WORK ORDER —
Reproduce every line of the listing as written, apart from the pictures.

INFORMATION PROVIDED —
***

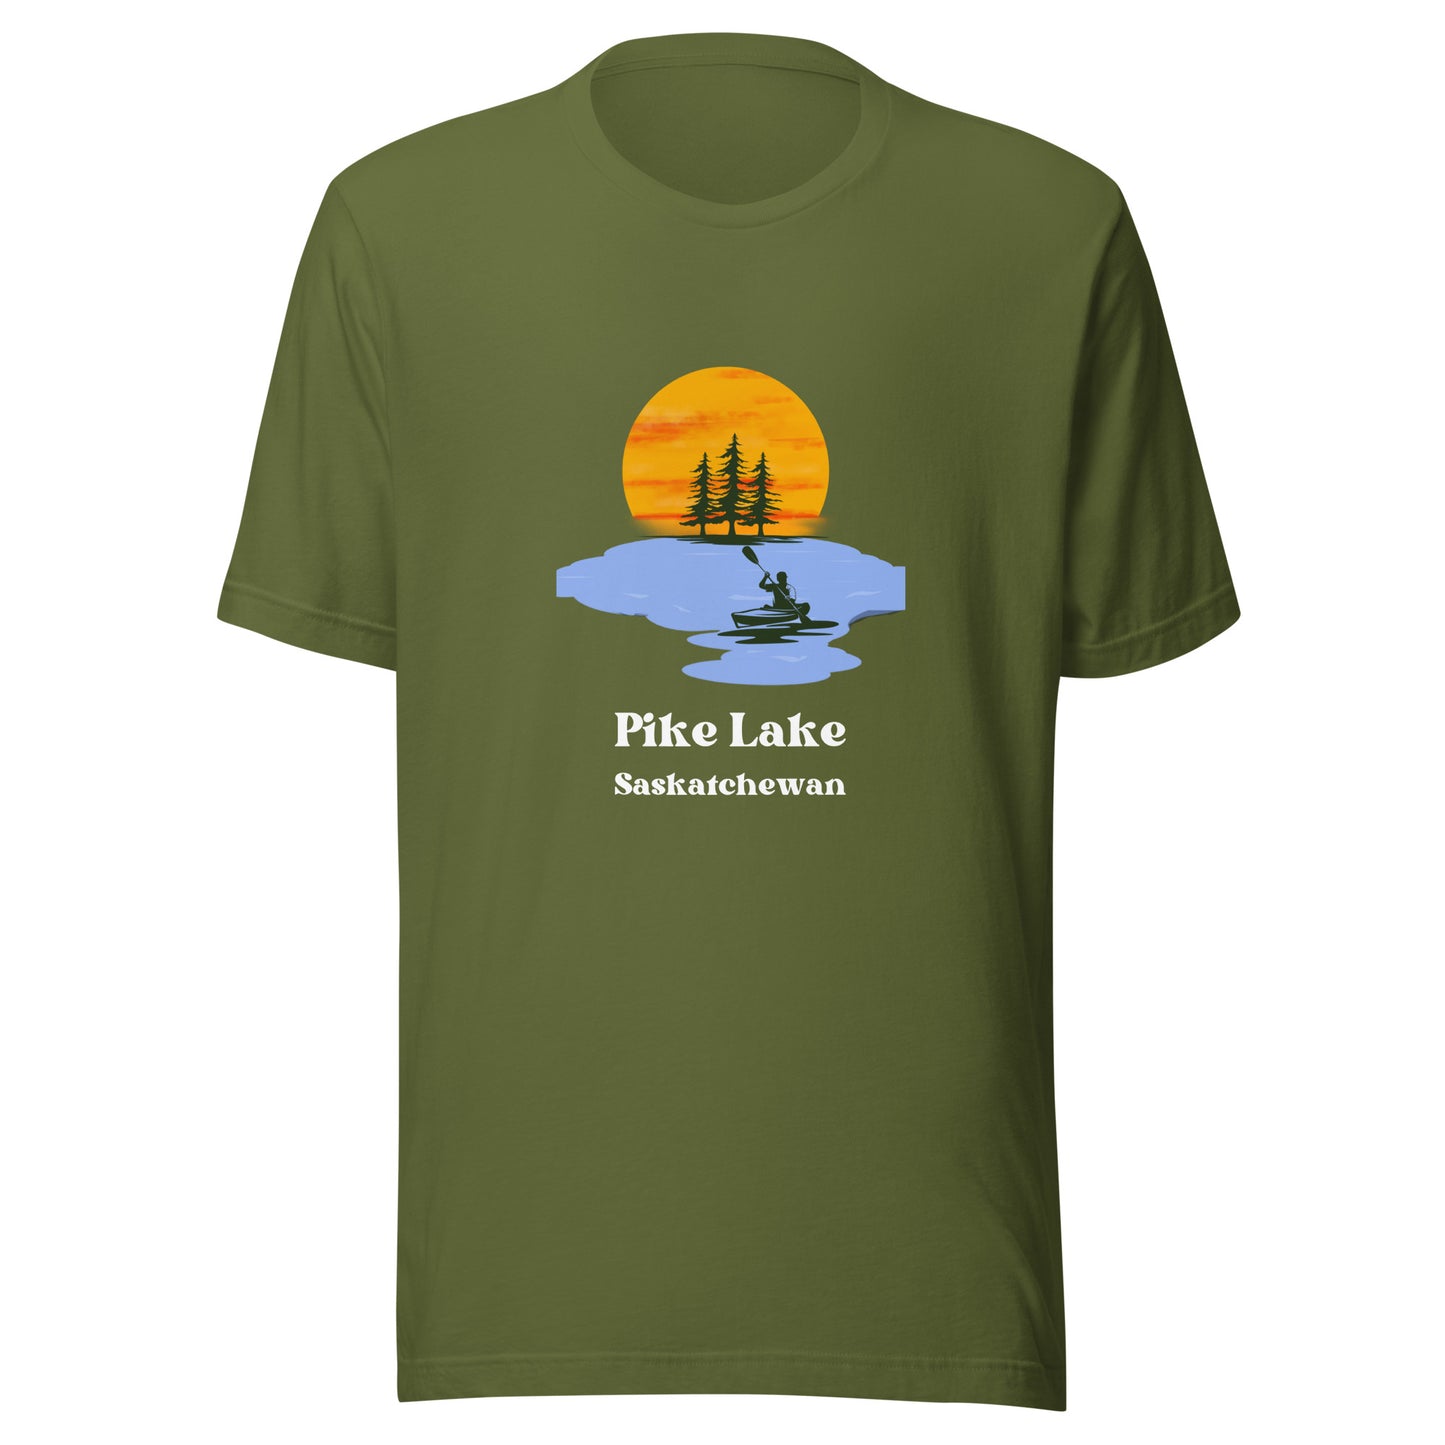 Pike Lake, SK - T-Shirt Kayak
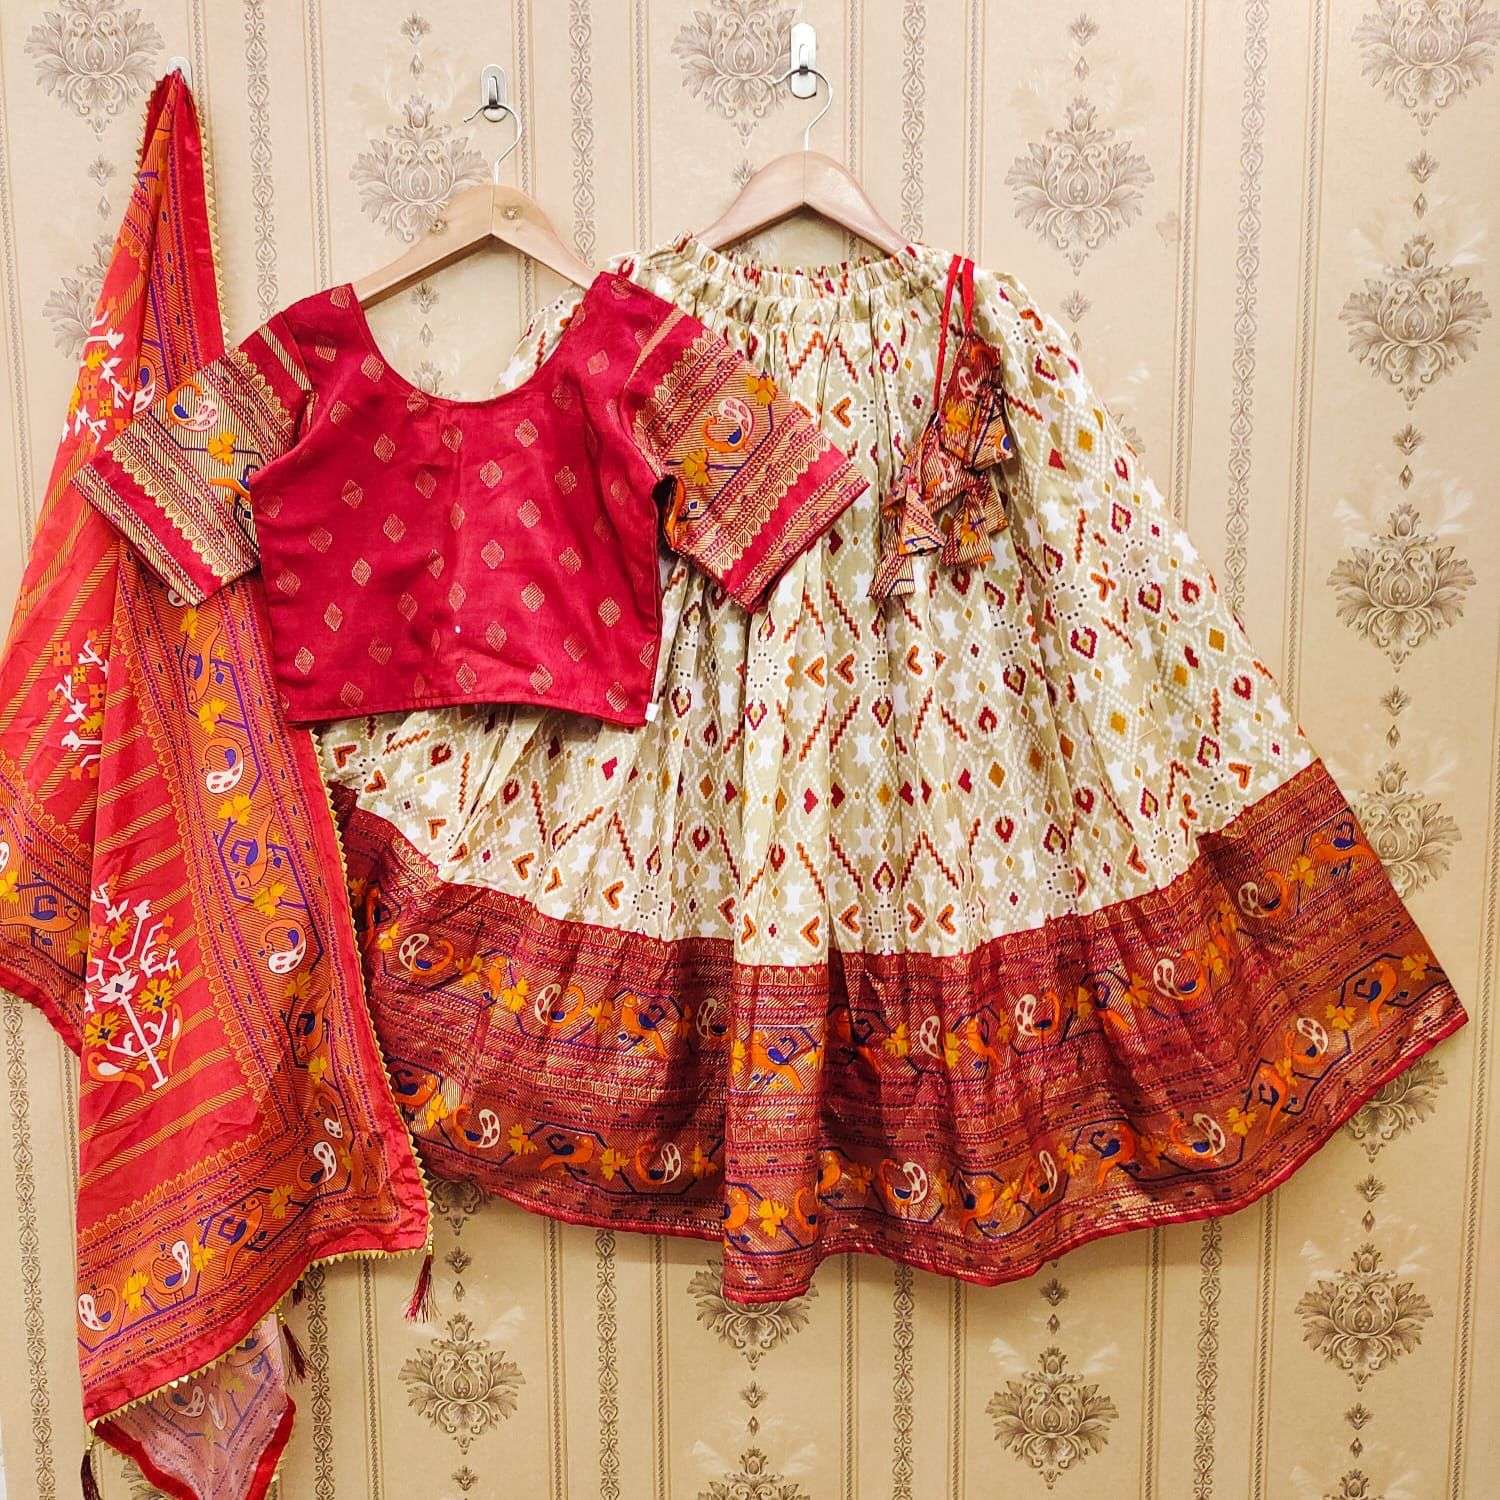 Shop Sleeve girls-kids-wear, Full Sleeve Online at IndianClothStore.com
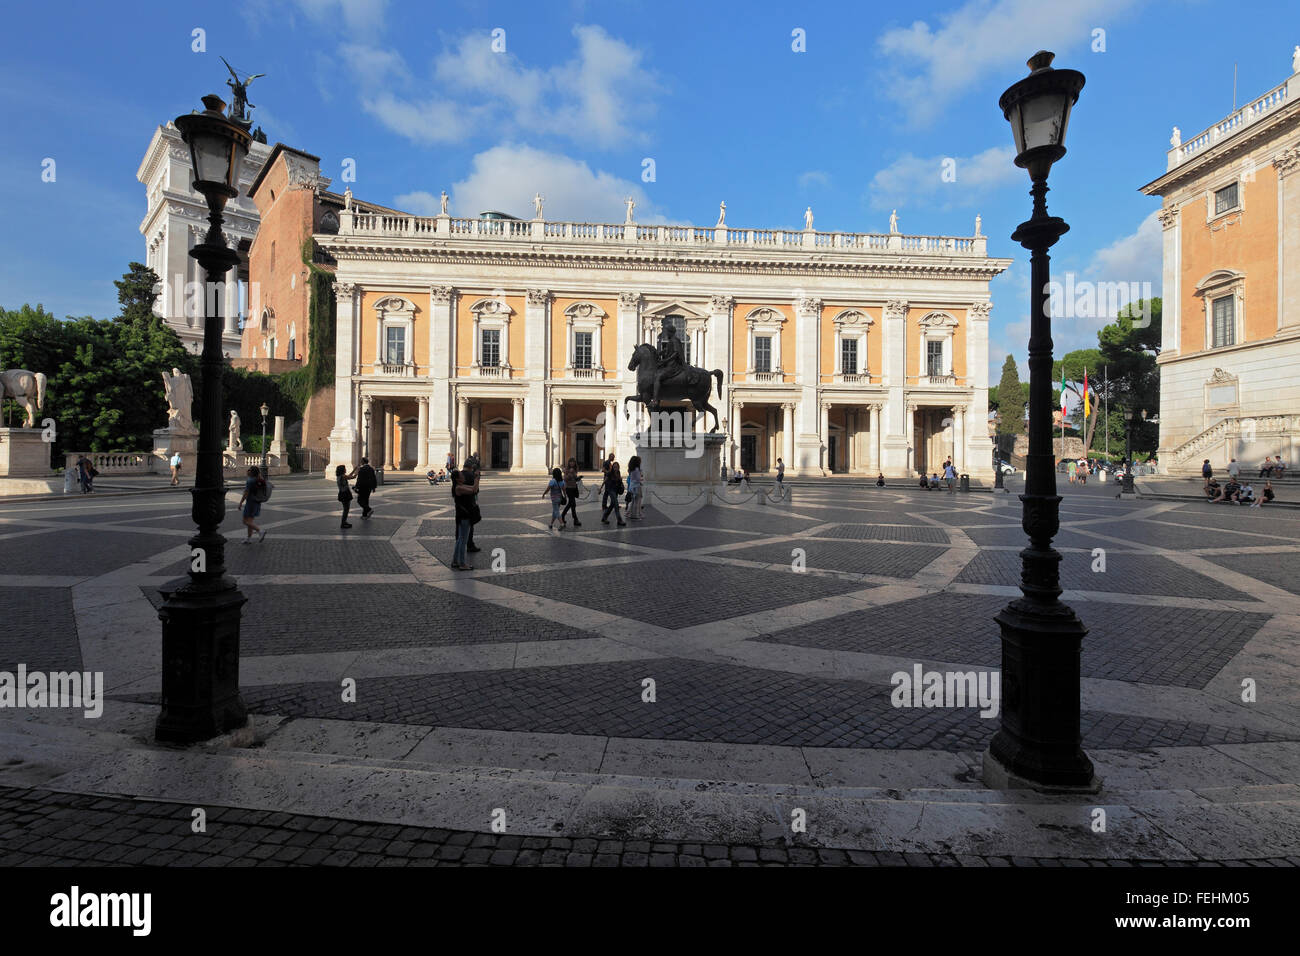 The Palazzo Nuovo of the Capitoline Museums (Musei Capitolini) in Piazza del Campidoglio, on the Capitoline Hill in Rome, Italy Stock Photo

***

EXERCISE SOLUTION —
 Pike Lake, SK - T-Shirt Kayak
 Shop Sleeve girls-kids-wear, Full Sleeve Online at IndianClothStore.com
 The Palazzo Nuovo of the Capitoline Museums (Musei Capitolini) in Piazza del Campidoglio, on the Capitoline Hill in Rome, Italy Stock Photo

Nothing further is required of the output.